Kafka considers that a record is committed when all replicas in the In-Sync Replica set (ISR) have confirmed that they have written the record to disk.
-
What is the ISR?
- The ISR is simply all the replicas of a partition that are “in-sync” with the leader. The definition of “in-sync” depends on the topic configuration, but by default, it means that a replica is or has been fully caught up with the leader in the last 10 seconds. The setting for this time period is: replica.lag.time.max.ms and has a server default which can be overridden on a per topic basis.
- At a minimum the, ISR will consist of the leader replica and any additional follower replicas that are also considered in-sync. Followers replicate data from the leader to themselves by sending Fetch Requests periodically, by default every 500ms.
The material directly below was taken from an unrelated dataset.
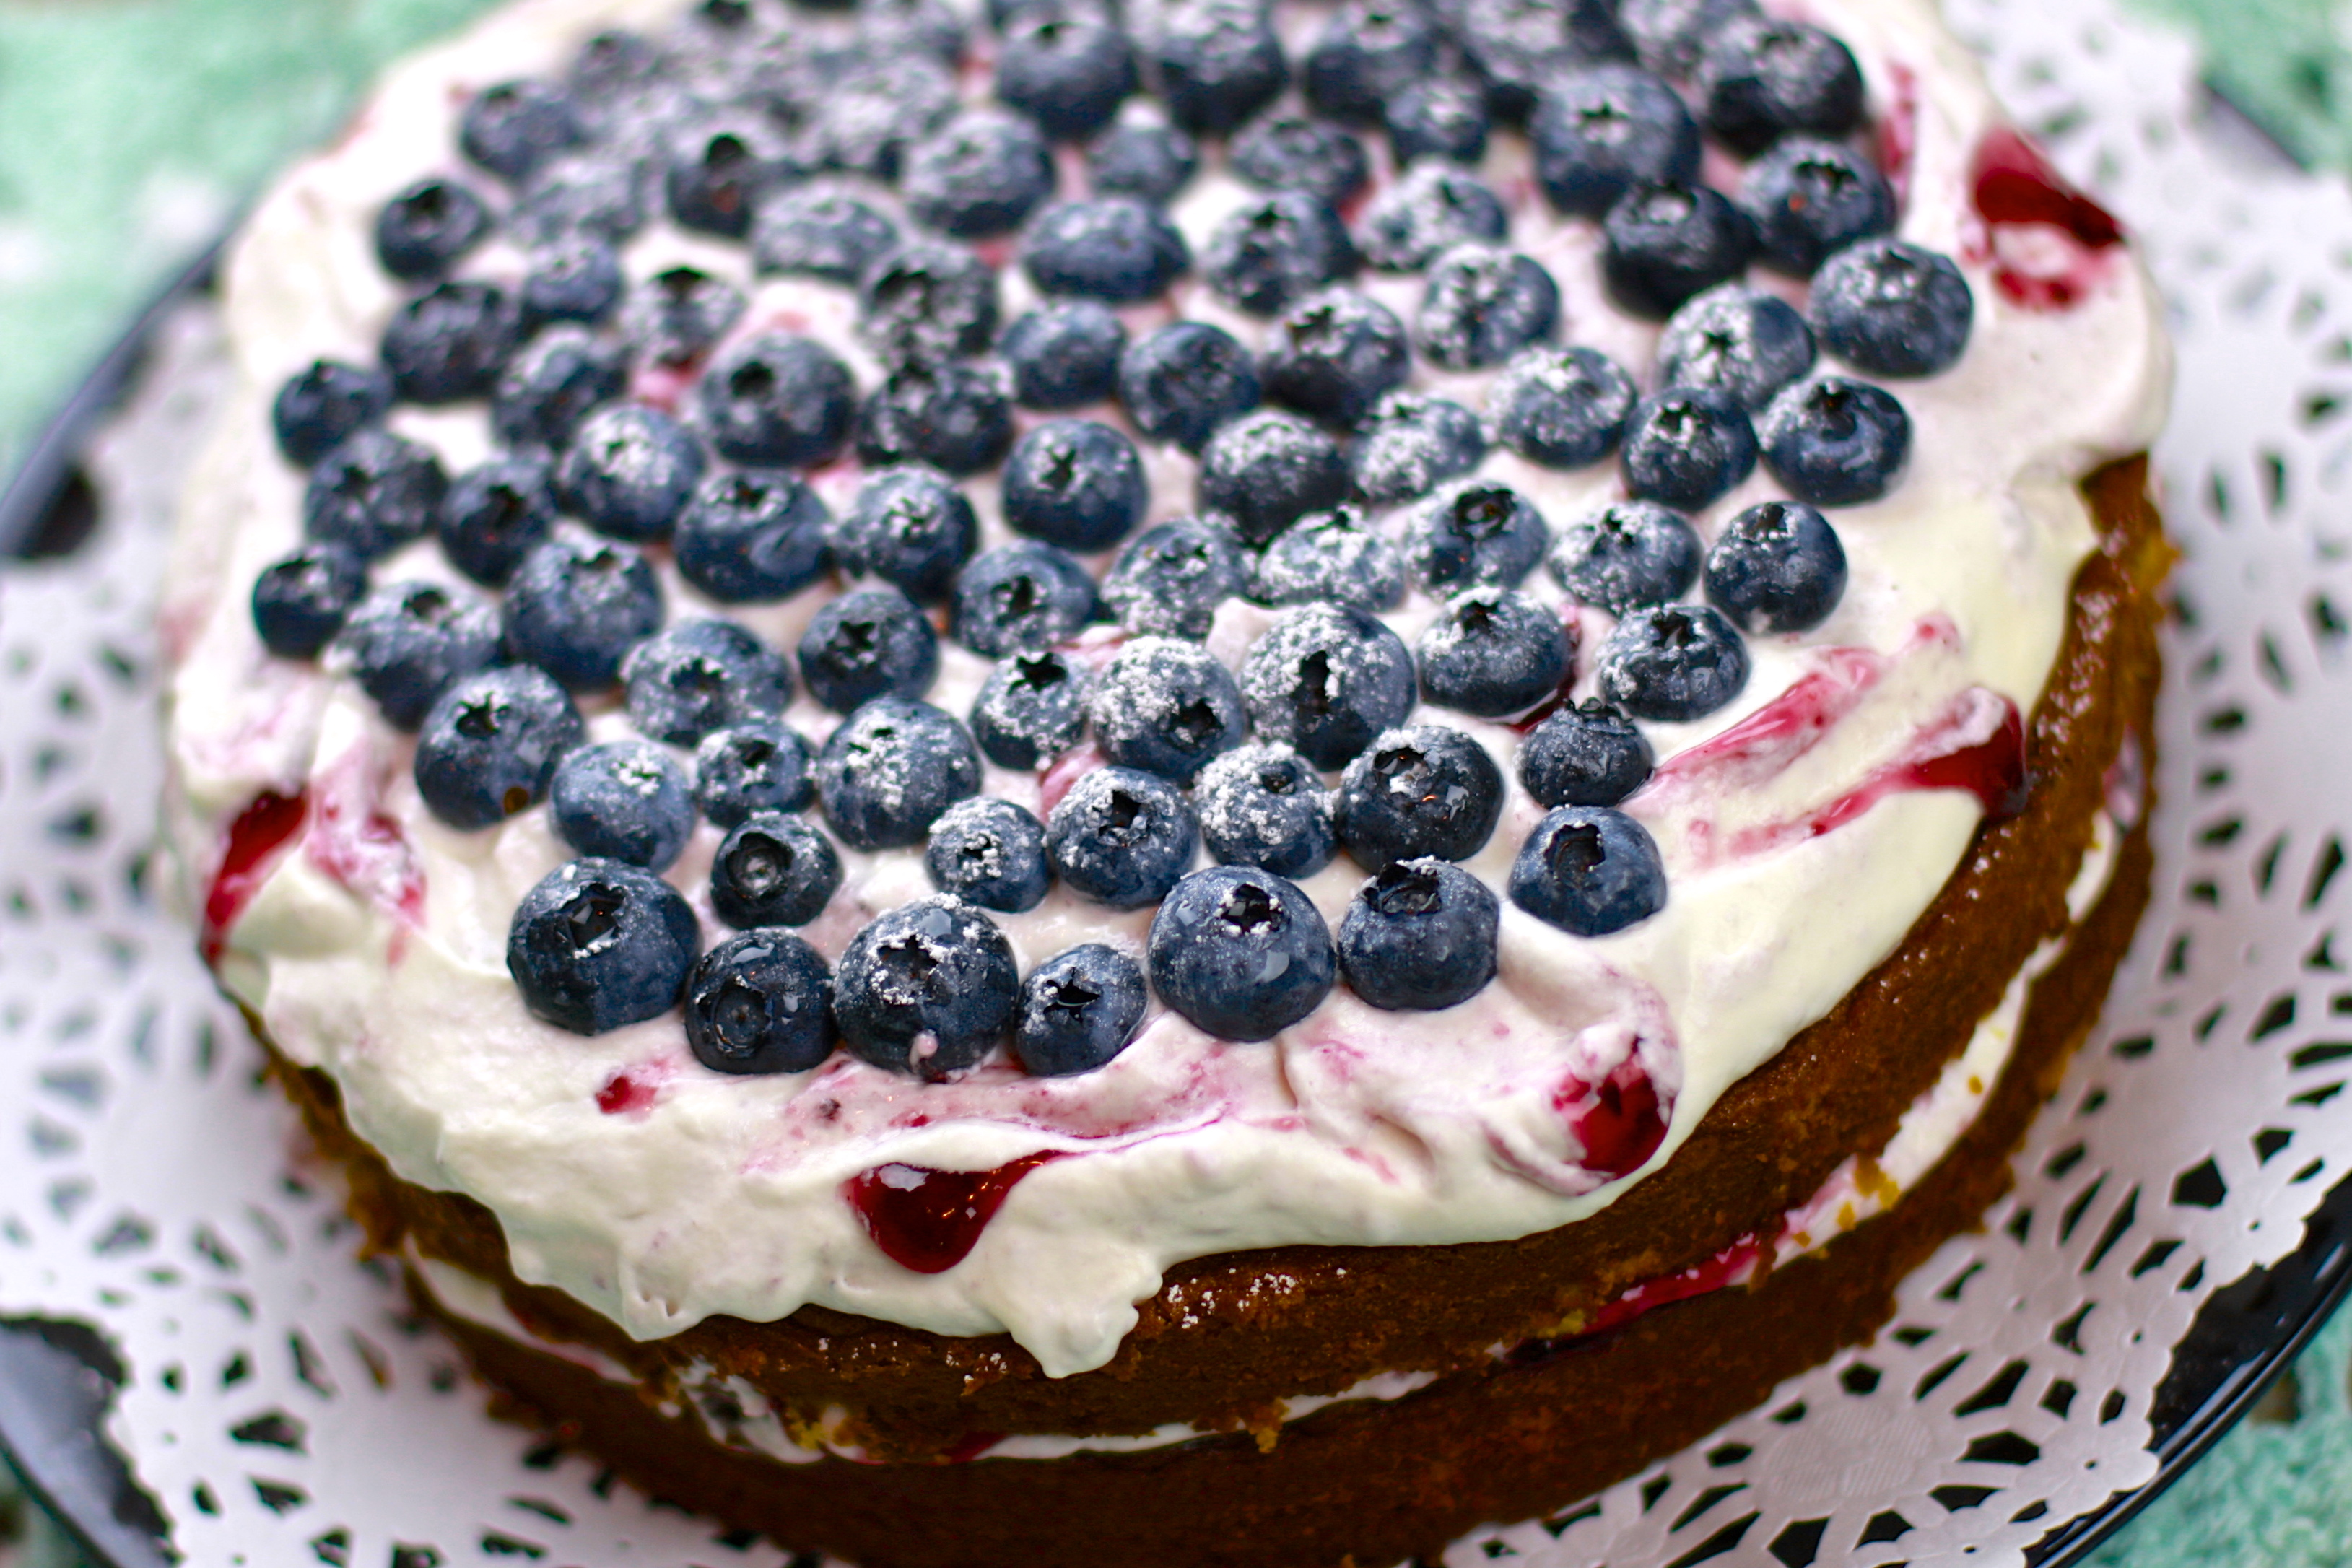 Blueberry Cake – Enjoy Berries While It's Still in Season!
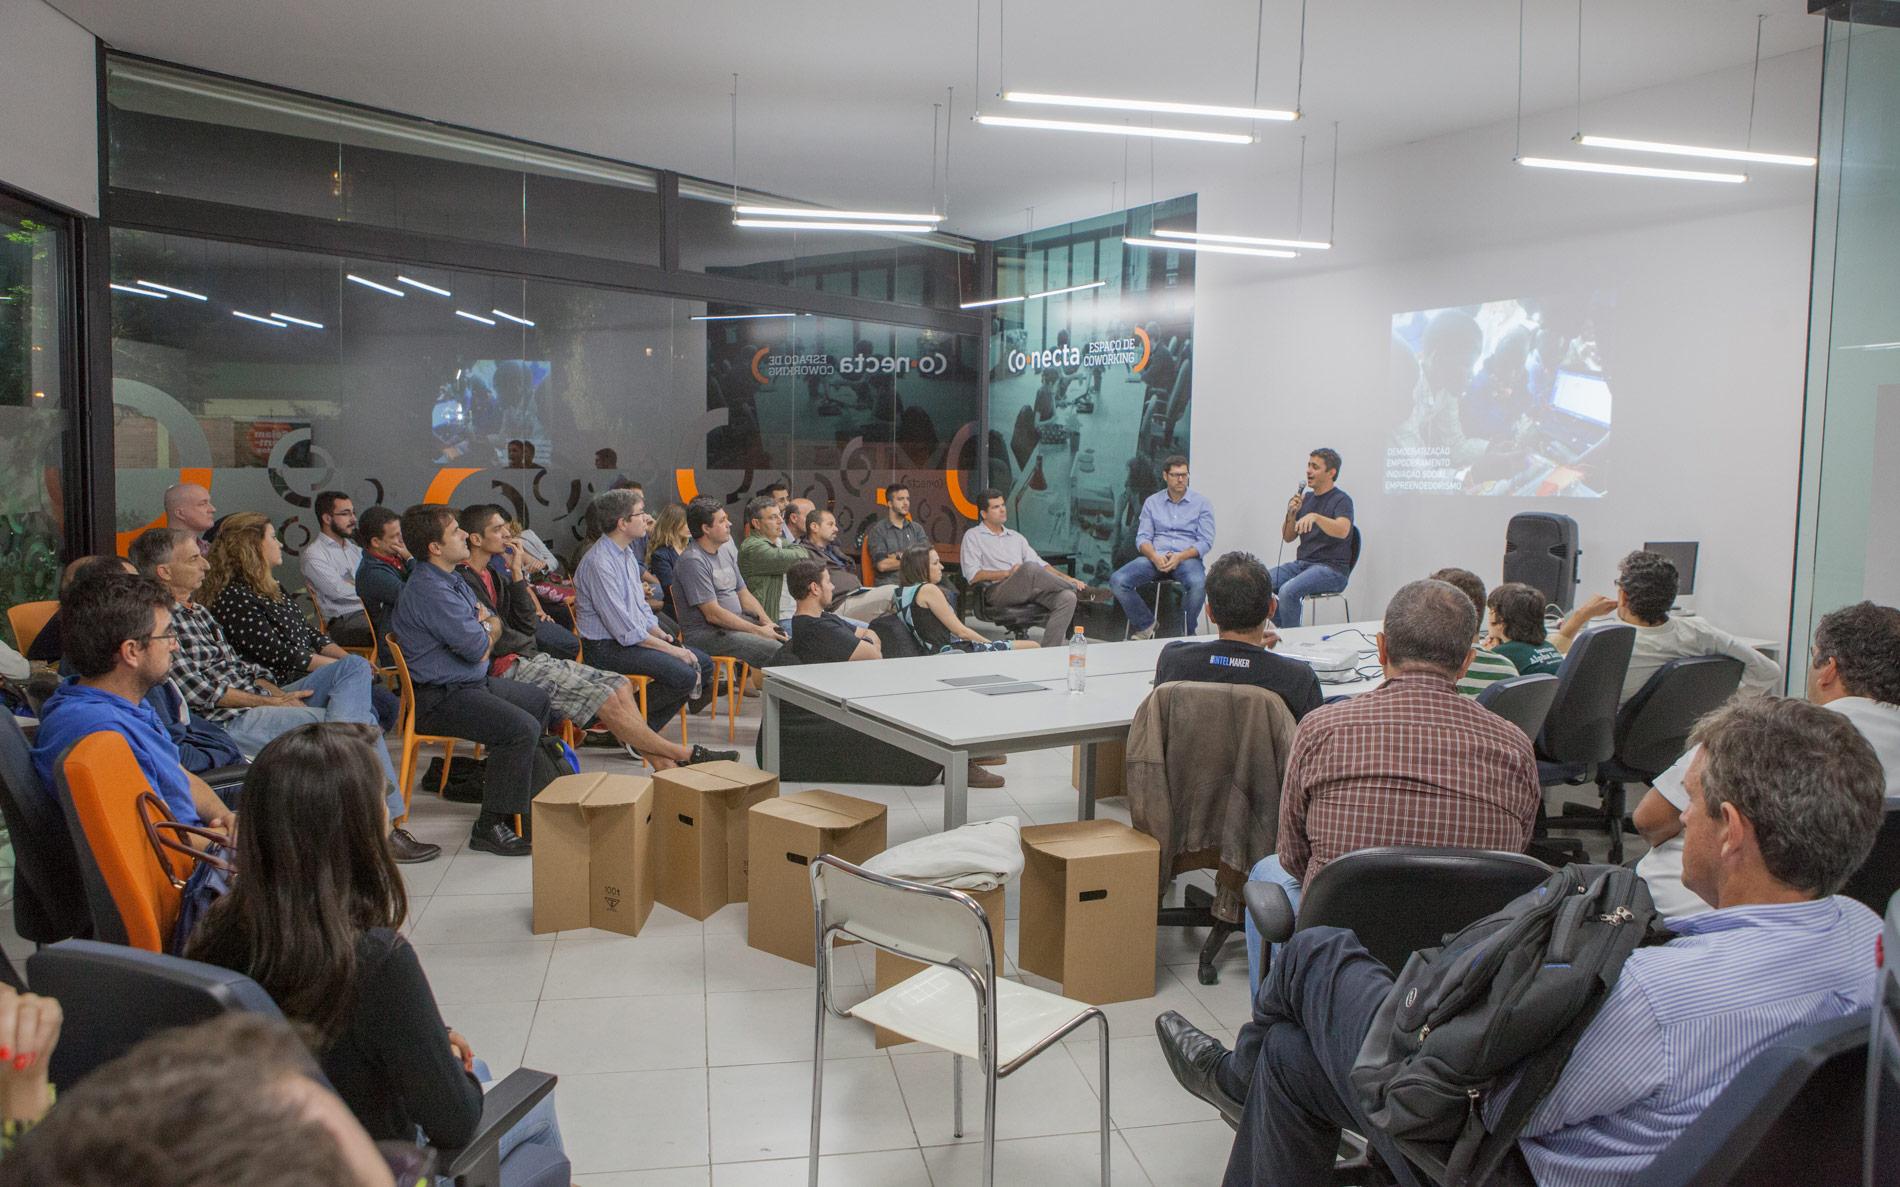 GOOD-IDEAS-conecta-coworking-sjcampos-sj

- If a follower fails, then it will cease sending fetch requests and after the default, 10 seconds will be removed from the ISR. Likewise, if a follower slows down, perhaps a network related issue or constrained server resources, then as soon as it has been lagging behind the leader for more than 10 seconds it is removed from the ISR.
-
what is ISR for?
- The ISR acts as a trade-off between safety and latency. As a producer, if we really didn’t want to lose a message, we’d make sure that the message has been replicated to all replicas before receiving an acknowledgement. But this is problematic as the loss or slowdown of a single replica could cause a partition to become unavailable or add extremely high latencies. So the goal is to be able to tolerate one or more replicas being lost or being very slow.
- When a producer uses the “all” value for the acks setting. It is saying: only give me an acknowledgment once all in-sync replicas have the message. If a replica has failed or is being really slow, it will not be part of the ISR and will not cause unavailability or high latency, and we still, normally, get redundancy of our message.
- So the ISR exists to balance safety with availability and latency. But it does have one surprising Achilles heel. If all followers are going slow, then the ISR might only consist of the leader. So an acks=all message might get acknowledged when only a single replica (the leader) has it. This leaves the message vulnerable to being lost. This is where the min-insync.replicas broker/topic configuration helps. If it is set it to 2 for example, then if the ISR does shrink to one replica, then the incoming messages are rejected. It acts as a safety measure for when we care deeply about avoiding message loss.
The minimum number of in-sync replicas has nothing to do with the throughput. Setting the minimum number of in-sync replicas to larger than 1 may ensure less or no data loss, but throughput varies depending on the ack value configuration.
Default minimum in-sync replicas are set to 1 by default in Cloud kafka. This means that the minimum number of in-sync replicas that must be available for the producer to successfully send records to a partition must be 1.